The impact of the coronavirus Covid-19 on our world during this year of 2020 has been unimaginable and it is still transforming our social, economic, and business lives into entirely new formats.  Without running through all its phases, this blog will look only at the digital technology impact that Covid-19 is having on business.  Inspiration for this blog comes from the latest book on artificial intelligence, Competing in the Age of AI by Marco Iansiti and Karim R. Lakhani [1] (2020). This is a MUST read book by anyone wanting to know what is happening to our world today.  The reader does not need to understand Artificial Intelligence, data collection, coding, or algorithms but should be curious about what Covid-19 did to make AI explode across our business and financial worlds to cause such confusion.

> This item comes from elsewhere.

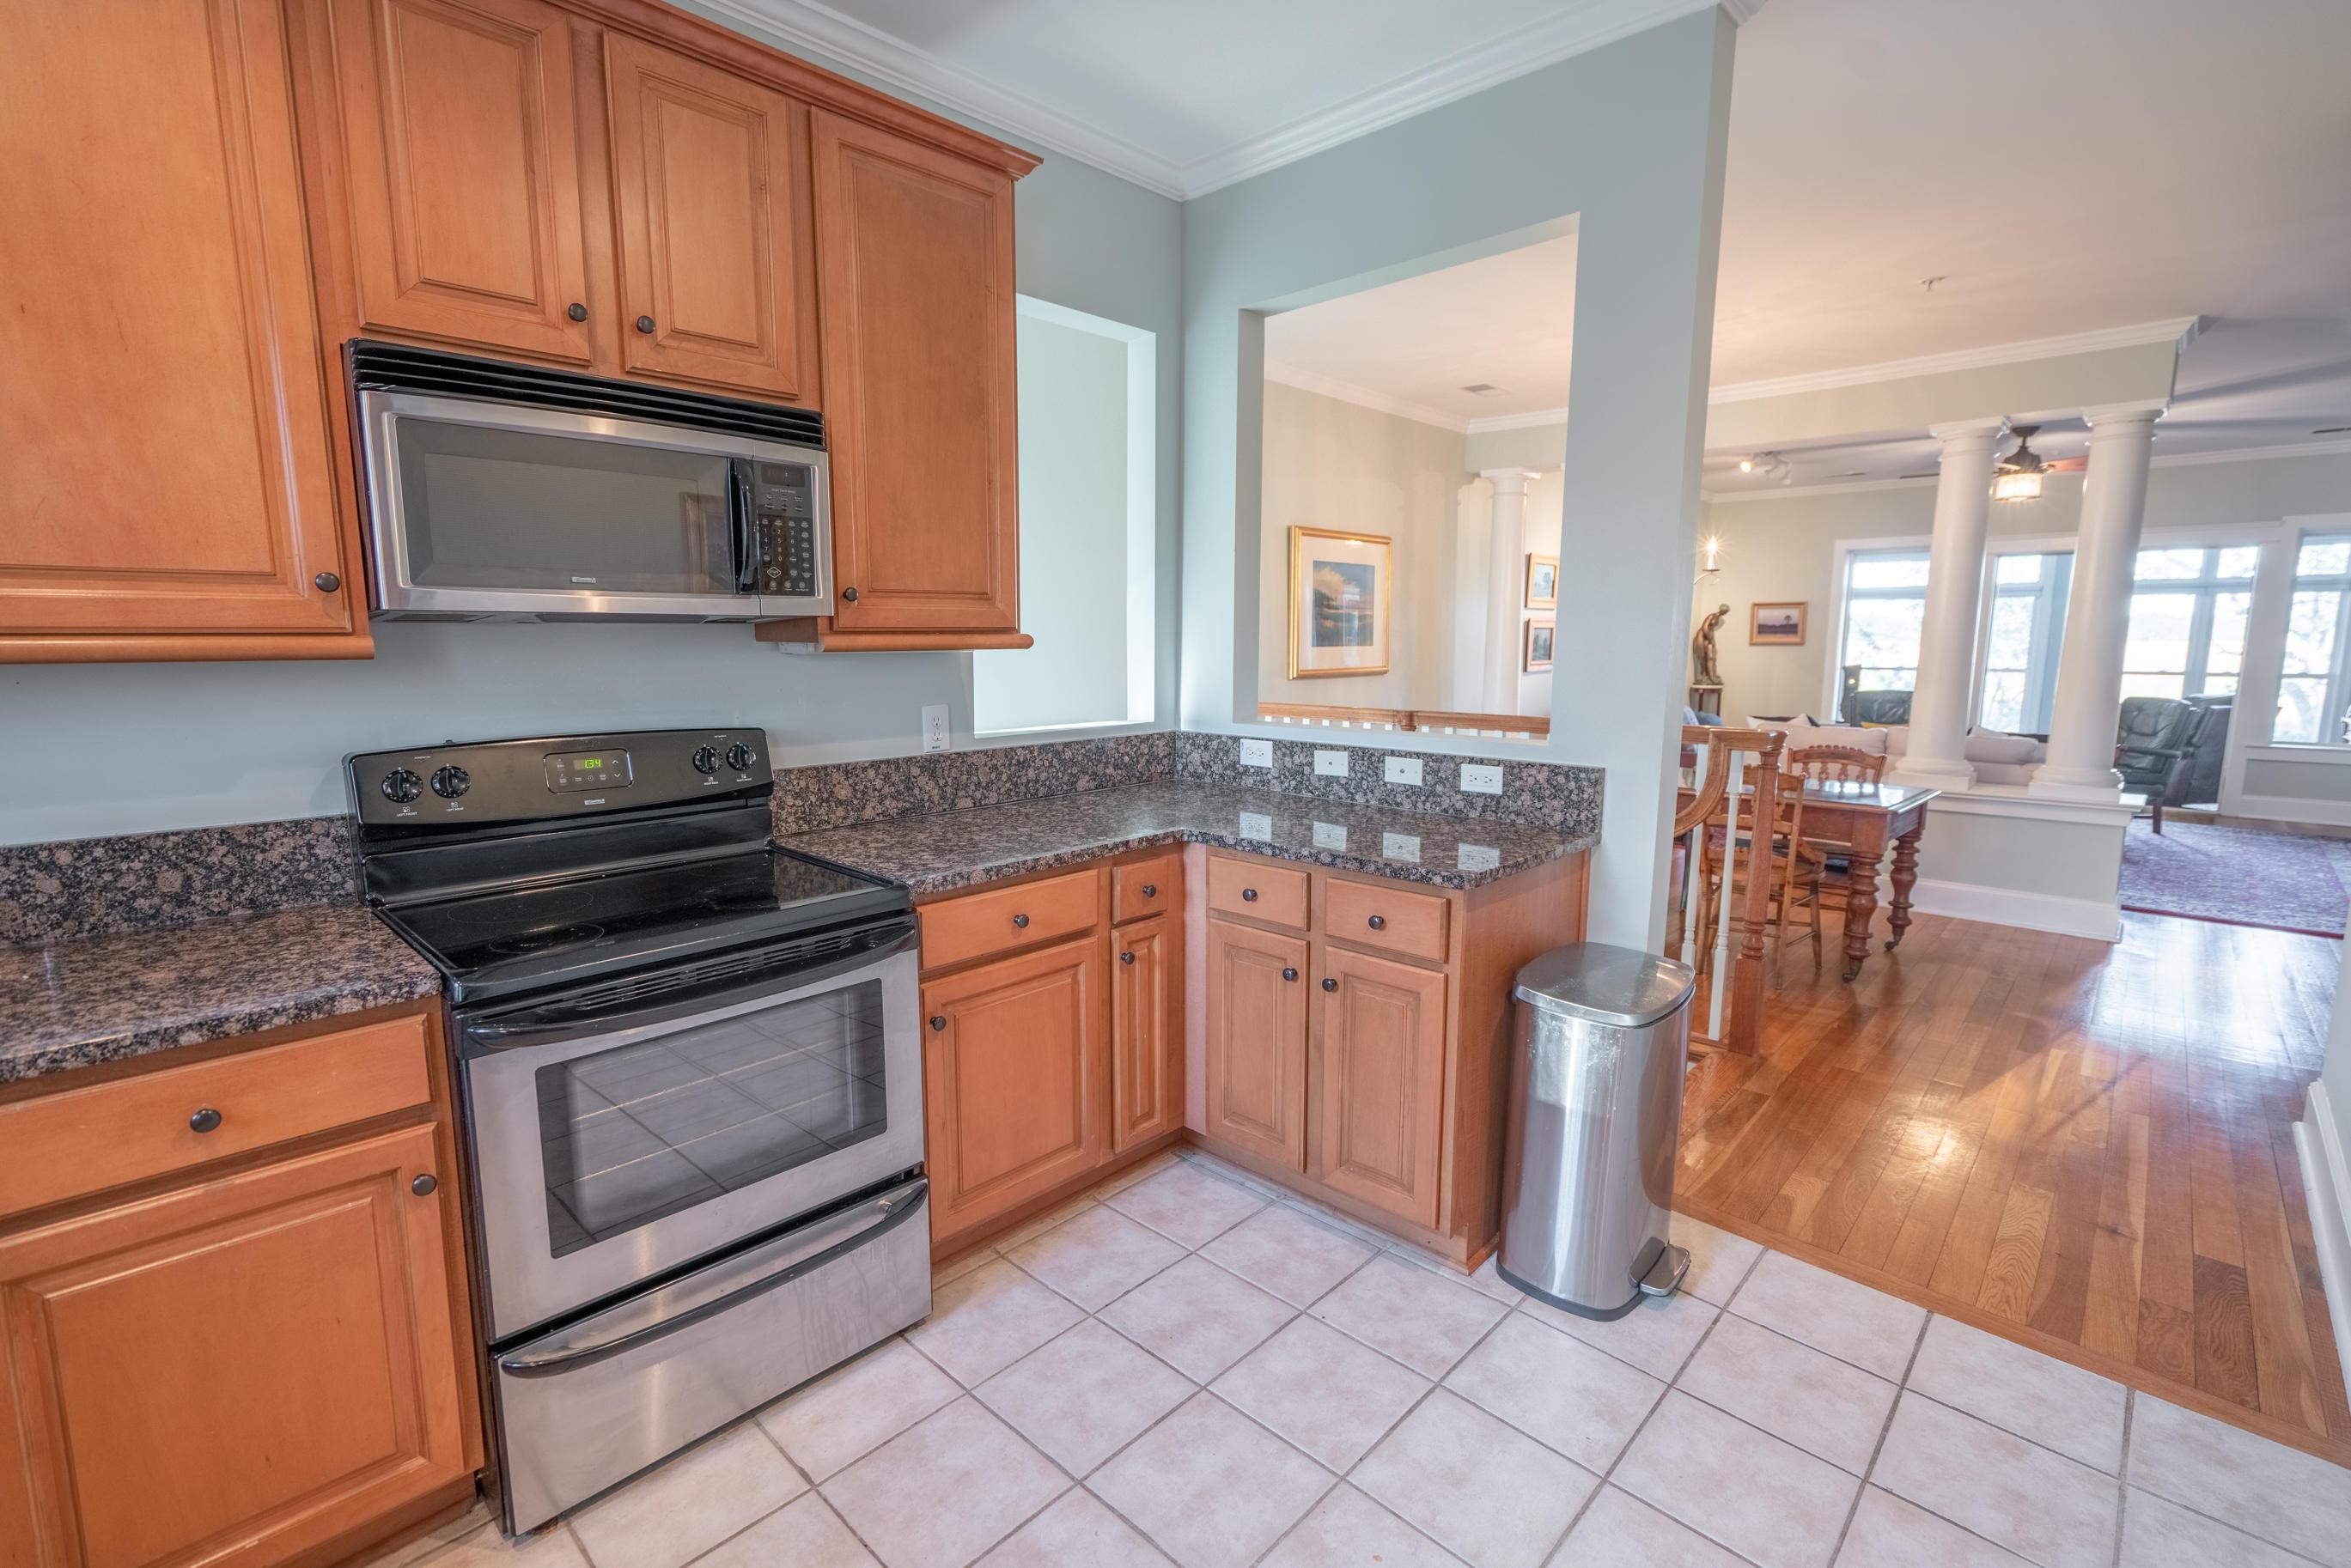 Etiwan Pointe Homes For Sale - 132 Winding Creek, Mount Pleasant, SC - 26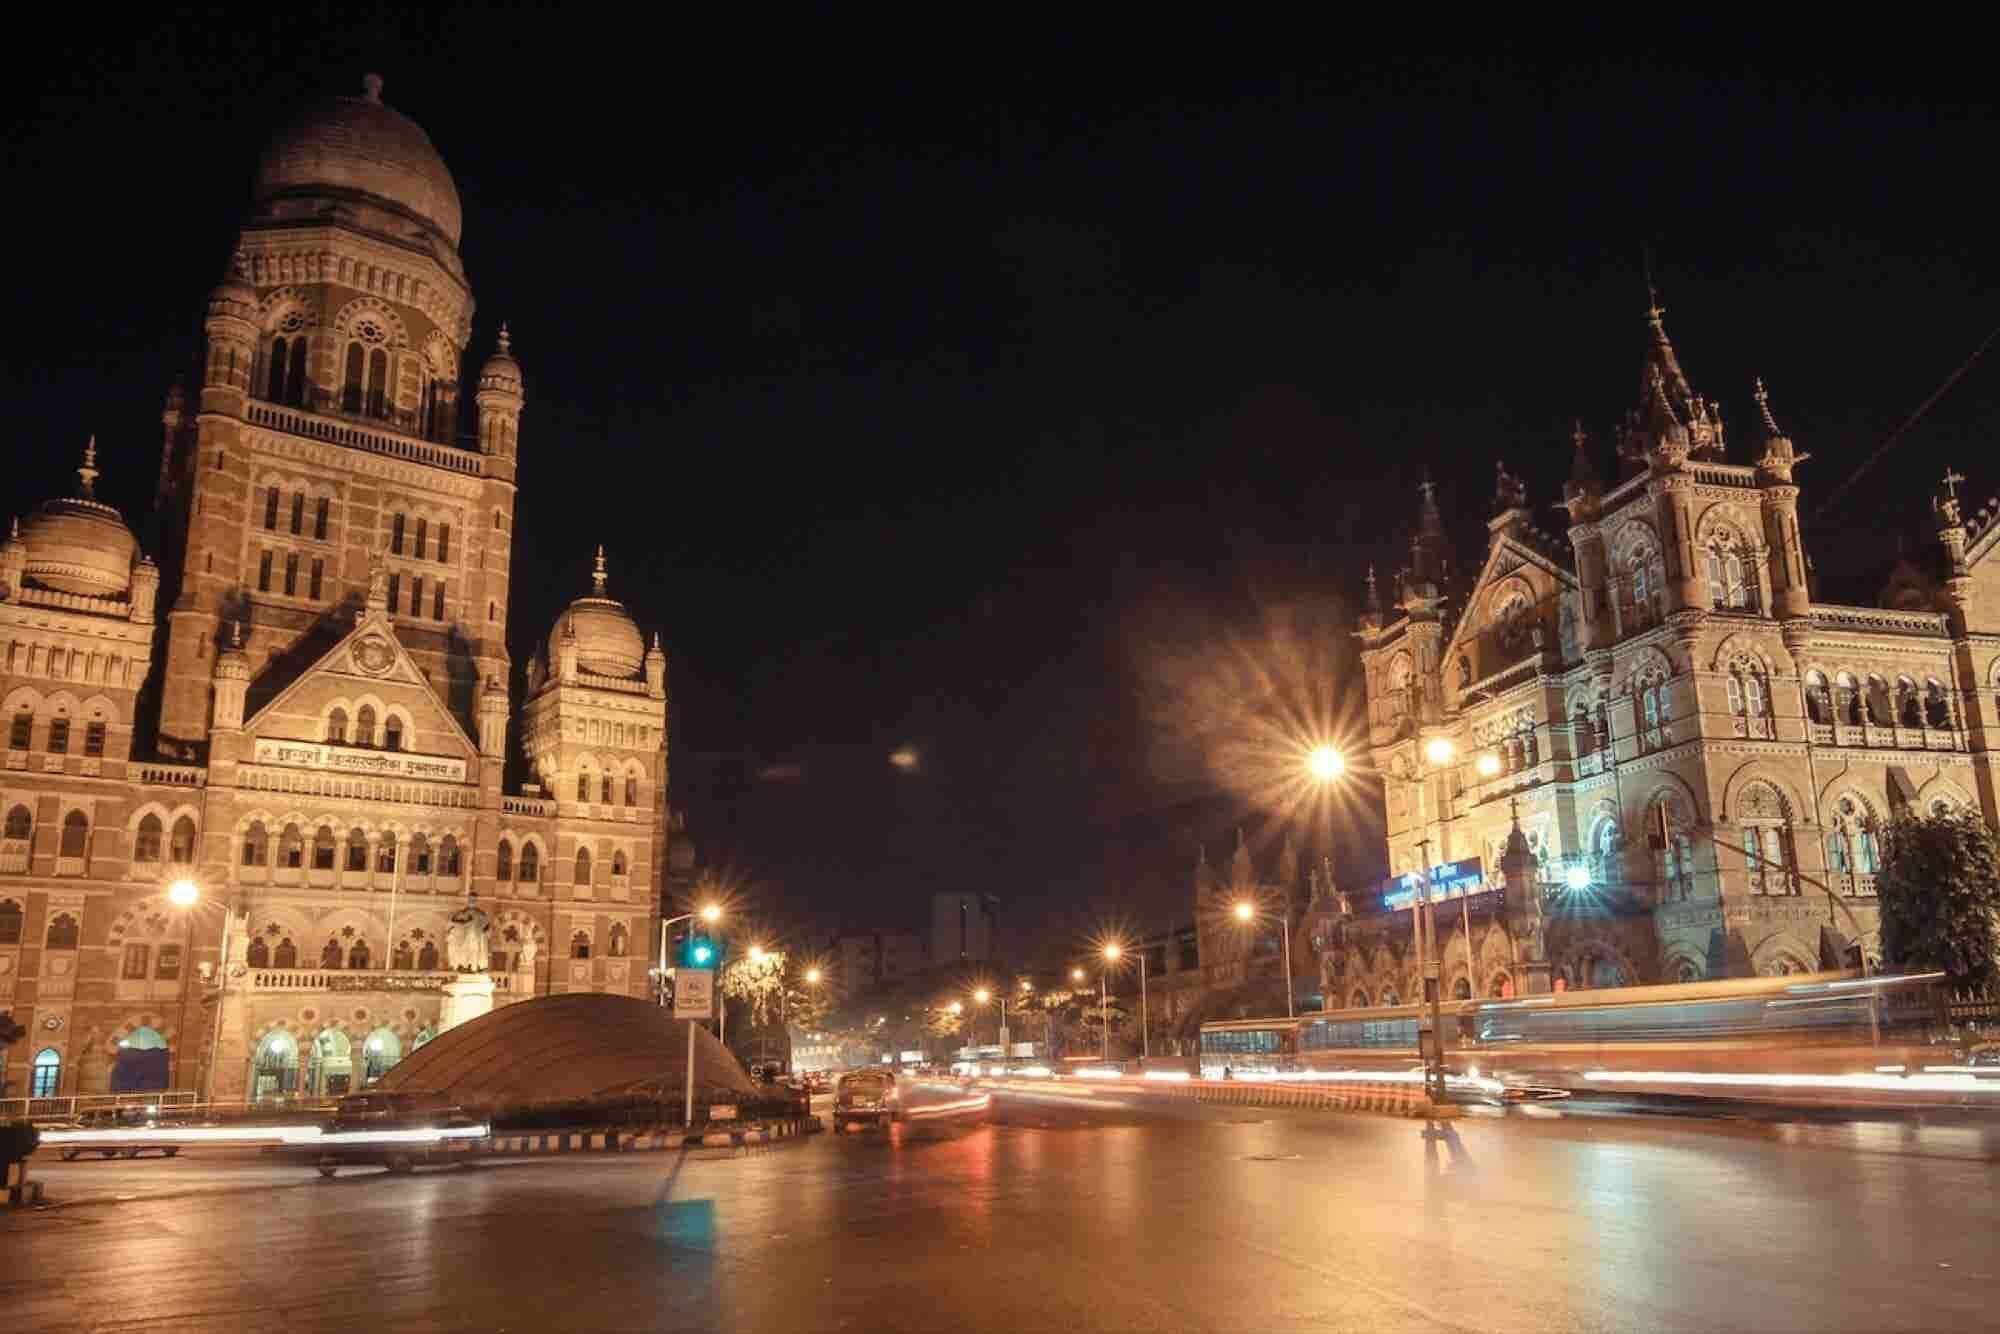 UAE-India Economic Forum Aims To Strengthen Economic Ties Between Nations

AI is a transformative power that is now playing by new rules mid-stream through the game of digital technology.  Artificial Intelligence is ubiquitous throughout our world as it moves with warp speed. “It’s all about the emergence of a new type of firm, that uses AI in a much subtler way to break down age-old operational constraints, driving new value, growth, and innovation.  This New Meta is generating enormous opportunity … and growth … leaving us to struggle to understand the full implications of its new rules” (p. 201).  Here are the emerging principles.

  1. Change is no longer localized; it is systemic.  We are subject to Moore’s Law – the density of transistors in integrated circuits will double every year with a corresponding increase in computer power.  Digital technology keeps getting better, more powerful, and more broadly applicable with no slowdown in sight (p. 204). It cuts across every industry at the same time driving opportunities and challenges.  AI is transforming the economy” (p. 205).
  2. Capabilities are increasingly horizontal and universal. “New technologies are transforming the nature of capabilities, taking on companies of high specializations and skills, and doing more with universal sets of capabilities, making vertical, siloed organizations.  We are moving … to an age shaped by data and analytics, powered by algorithms and hosted in computing clouds for universal use” (pp. 206-207).
  3. Traditional industry boundaries are disappearing; recombination is now the rule. Clear boundaries are going away as digitization drives ubiquitous connections with separate industries, that are merging with each other (p. 207). “Leaders are finding their business and operating models at risk if they do not understand the dynamics of scope expansion” (p. 208). Some will win and some will lose.
  4. From constrained operations to frictionless impact. “Digital scale is driving an increasing variety of important processes influencing not only operating efficiencies and economic returns but also social and political activities. …. Frictionless operating models enable companies to scale new businesses at unprecedented rates” (p. 209).
  5. Concentration and inequality will likely get worse. “Transformation drives the redistribution and concentration of wealth. … one is left to wonder whether the potential impact could be even greater now that the scale, speed, and impact of current trends appear truly unprecedented” (p. 210).

It will take wise leaders to navigate the changing rules of the new metaphase of modern AI.  Consider the four following mandates that face AI leaders.

  • For starters, leaders must be committed to transformation to build connections across divides, to set up necessary alignments, and to provide a solid foundation of safety, security, and sustainability in business models as well as in their operating models (p. 217). This demands that leaders understand the digital systems that are being created as well as the human interaction of workers with machines (p. 218).
  • AI today has created the greatest entrepreneurial opportunities in our history so far (p. 218) – the world is literally jammed with entrepreneurial opportunity!  “The wise leader will better appreciate how increasingly digital firms impact the communities around them and consider more difficult social and ethical implications” (p. 219). “Leaders will need to deal with continuous change and frequent collision threatening organizations they lead and the nature of the markets they compete in” (p. 221).
  • “As the impact of AI continues to increase, we will see widespread regulation at many levels of government shaping spaces as different as traffic safety and racial bias (p. 221). … “Beyond individual regulations, the most important solution may be to set up collaborative structures and approaches…” (p. 222).
  • Finally, “communities are an increasingly important complement to regulations checks and balances to digital firms” (p. 222). “The potential for a community to lead in solving generations of problems is enormous.  Communities can be immense assets in the push to master the challenges created by digital operating models.”

Final thought: “As the digital firm reduces human friction and erases transitional internal bottlenecks, the complex interrelationships across communities and organizations have become crucial.  The responsibility this creates for the leaders of a relatively small organization is immense” (p. 226). “Leading through these changing times will require a new kind of managerial wisdom to steer organizations from full-scale firms to a new venture and from regulatory institutions to communities” (p. 228).


[1] Iansiti, Marco and Kahhani, Karim; (2020). Competing in the Age of AI, Strategy and Leadership When Algorithms and Networks Run the World, Harvard Business Review Press, Boston, MA.